Therefore, improved basecalling accuracy for mixed bases and 5′ and 3′ ends is very desirable so that basecalling algorithms can deliver higher fidelity of Sanger Sequencing data, improve variant identification, increase read length, and also save sequencing costs for sequencing applications.
Denaturing capillary electrophoresis is well known to those of ordinary skill in the art. In overview, a nucleic acid sample is injected at the inlet end of the capillary, into a denaturing separation medium in the capillary, and an electric field is applied to the capillary ends. The different nucleic acid components in a sample, e.g., a polymerase chain reaction (PCR) mixture or other sample, migrate to the detector point with different velocities due to differences in their electrophoretic properties. Consequently, they reach the detector (usually an ultraviolet (UV) or fluorescence detector) at different times. Results present as a series of detected peaks, where each peak represents ideally one nucleic acid component or species of the sample. Peak area and/or peak height indicate the initial concentration of the component in the mixture.

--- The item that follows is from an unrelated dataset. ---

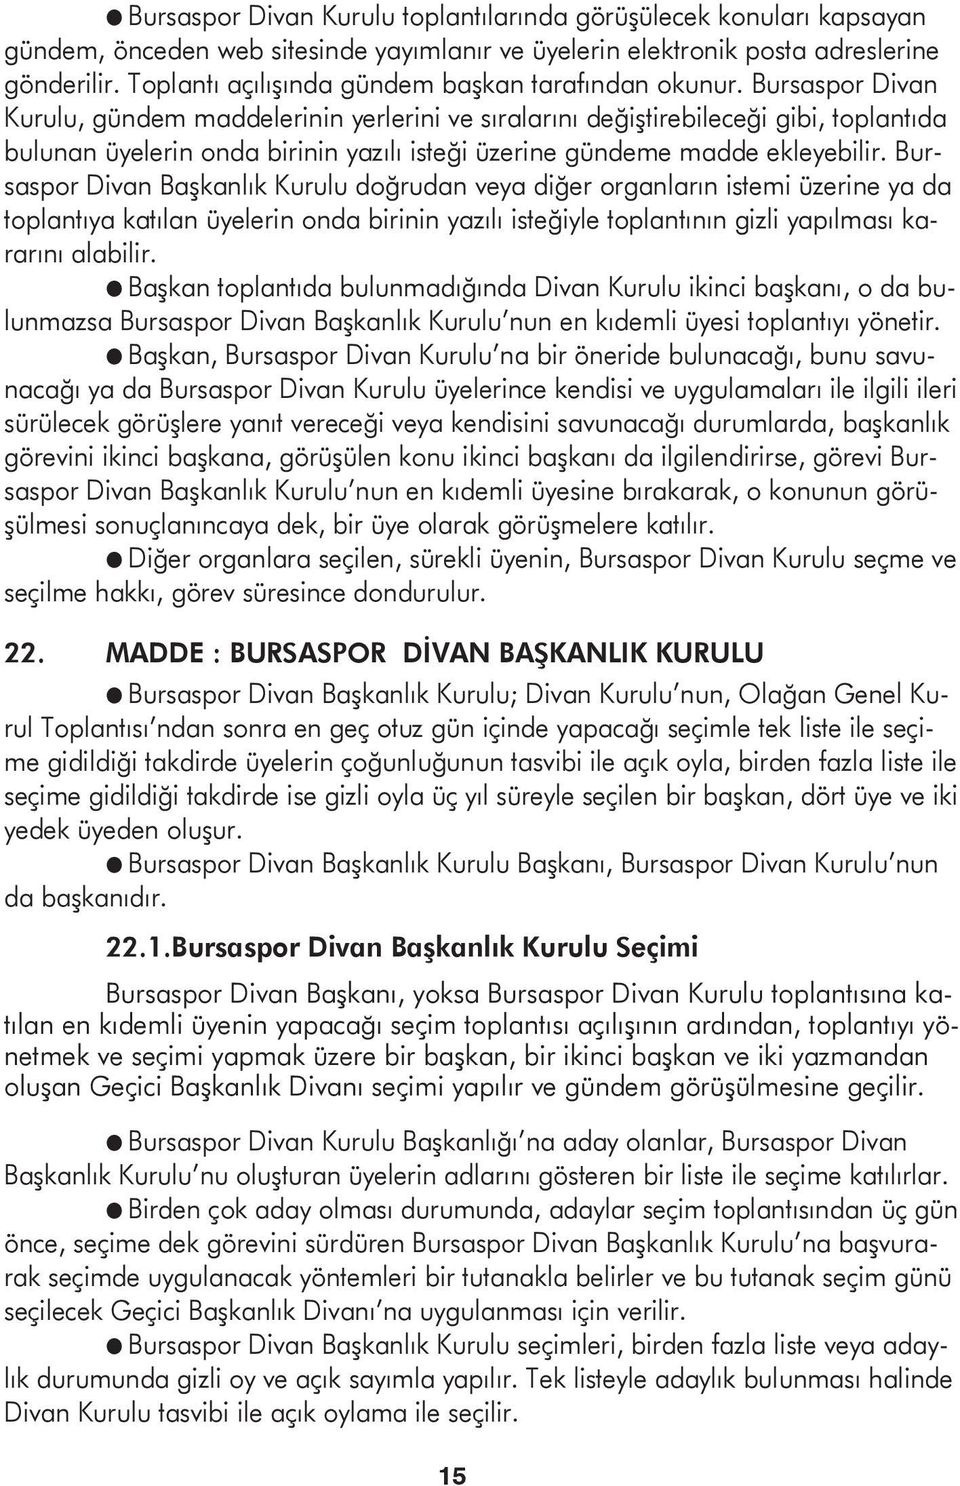 Bursaspor Divan Kurulu, gündem maddelerinin yerlerini ve sıralarını değiştirebileceği gibi, toplantıda bulunan üyelerin onda birinin yazılı isteği üzerine gündeme madde ekleyebilir.

The magnitude of any given peak, including an artifact peak, is most often determined optically on the basis of either UV absorption by nucleic acids, e.g., DNA, or by fluorescence emission from one or more labels associated with the nucleic acid. UV and fluorescence detectors applicable to nucleic acid CE detection are well known in the art.
CE capillaries themselves are frequently quartz, although other materials known to those of skill in the art can be used. There are a number of CE systems available commercially, having both single and multiple-capillary capabilities. The methods described herein are applicable to any device or system for denaturing CE of nucleic acid samples.
Because the charge-to-frictional drag ratio is the same for different sized polynucleotides in free solution, electrophoretic separation requires the presence of a sieving (i.e., separation) medium. Applicable CE separation matrices are compatible with the presence of denaturing agents necessary for denaturing nucleic acid CE, a common example of which is 8M urea.
Systems and methods are described for use in basecalling applications, for example in basecalling systems based on microfluidic separations (in which separation is performed through micro-channels etched into or onto glass, silicon or other substrate), or separation through capillary electrophoresis using single or multiple cylindrical capillary tubes.
To easily identify the discussion of any particular element or act, the most significant digit or digits in a reference number refer to the figure number in which that element is first introduced.
Terminology used herein should be accorded its ordinary meaning the arts unless otherwise indicated expressly or by context.
“Quality values” in this context refers to an estimate (or prediction) of the likelihood that a given basecall is in error. Typically, the quality value is scaled following the convention established by the Phred program: QV=−10 log 10(Pe), where Pe stands for the estimated probability that the call is in error. Quality values are a measure of the certainty of the base calling and consensus-calling algorithms. Higher values correspond to lower chance of algorithm error. Sample quality values refer to the per base quality values for a sample, and consensus quality values are per-consensus quality values.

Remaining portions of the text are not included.